Nel 1954 la miniaturizzazione partoriva il primo importante risultato: la radiolina portatile Regency TR1, un grande successo commerciale (la gente cominciò a poter ascoltare musica e trasmissioni radiofoniche per strada o allo stadio).
[A sinistra: La prima radio portatile (1954)]
A quell’epoca però i transistor erano ancora troppo grandi e complicati per poter essere usati efficacemente per altri scopi, come per esempio il calcolo o l’elaborazione dei dati, richiedendo infatti questa applicazione grandi numeri di transistor e complesse connessioni elettriche tra di loro.
Una seconda rivoluzione nell’era microelettronica avvenne alla fine degli anni Cinquanta del secolo scorso, con l’introduzione di un nuovo dispositivo, il circuito integrato, e di una nuova tipologia di transistor, detto MOSFET (da Metal-Oxide Semiconductor Field Effect Transistor).
Questa invenzione è dovuta a due persone che giunsero più o meno allo stesso tempo, e in modo indipendente, alla stessa idea, Jack Kilby e Robert Noyce.

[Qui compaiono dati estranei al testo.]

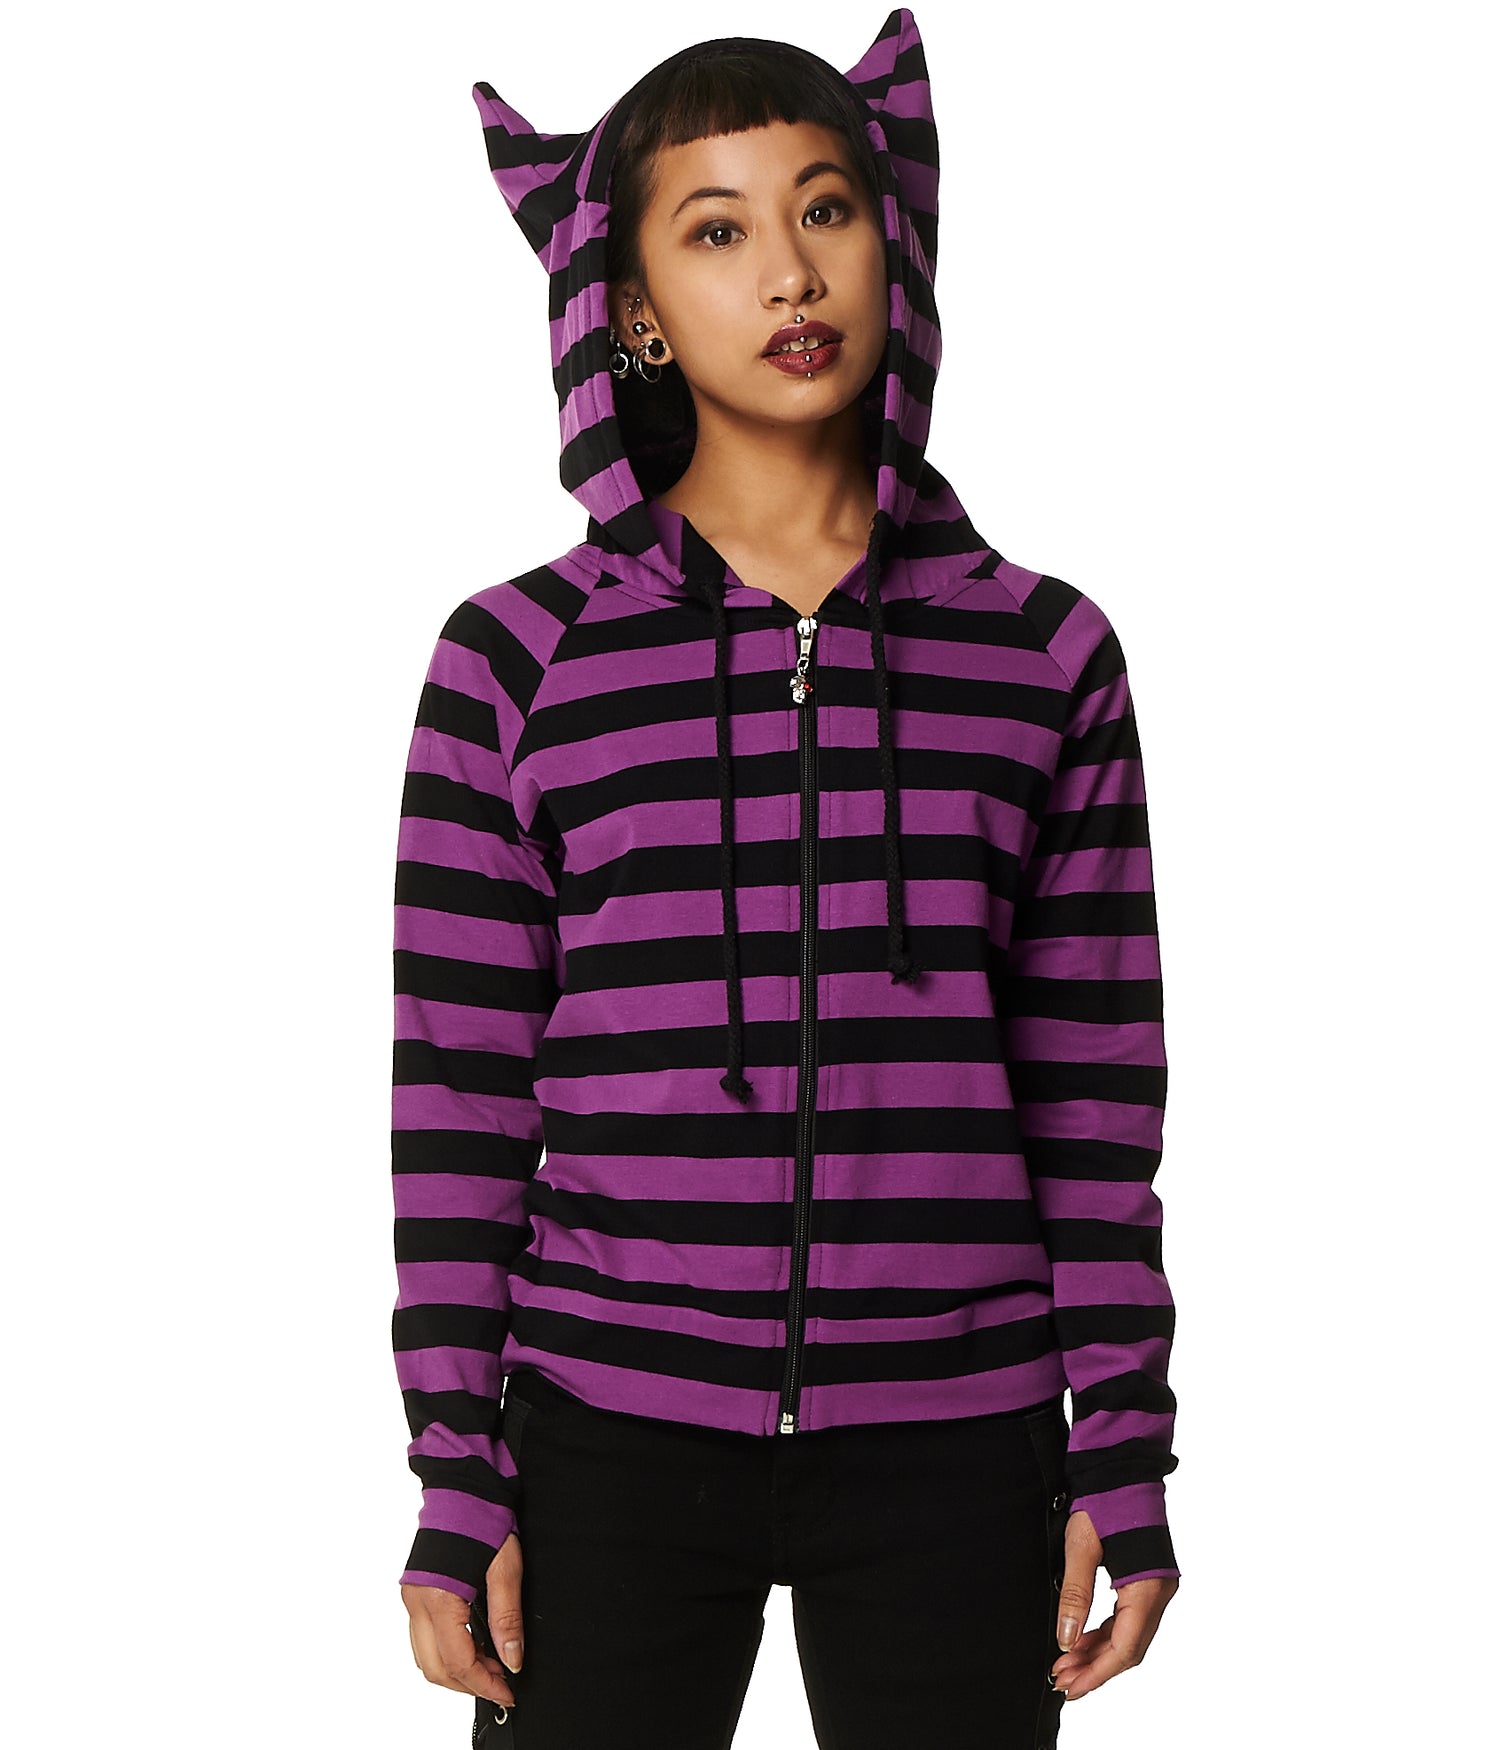 Model wearing a purple stripes zip up hoodie with cat ears on the hood and thumb holes in the sleeves

Anziché costruire transistor e connetterli con fili elettrici, ebbero l’idea di fabbricare i transistor direttamente su una fetta di silicio cristallino puro (il silicio nel frattempo aveva sostituito il germanio), depositando uno strato sottile di un isolante, l’ossido di silicio, e un elettrodo metallico.
Tutto sulla stessa piattaforma, il wafer o fetta di silicio. Questo richiedeva però di disegnare e ricavare i transistor sul wafer mediante delle tecniche di fotolitografia, usate ancora oggi per la produzione di circuiti integrati. Kilby ha visto riconosciuto i suoi importanti contributi in questo settore con il premio Nobel assegnatogli nel 2000, riconoscimento che non è potuto andare a Noyce, scomparso nel 1990.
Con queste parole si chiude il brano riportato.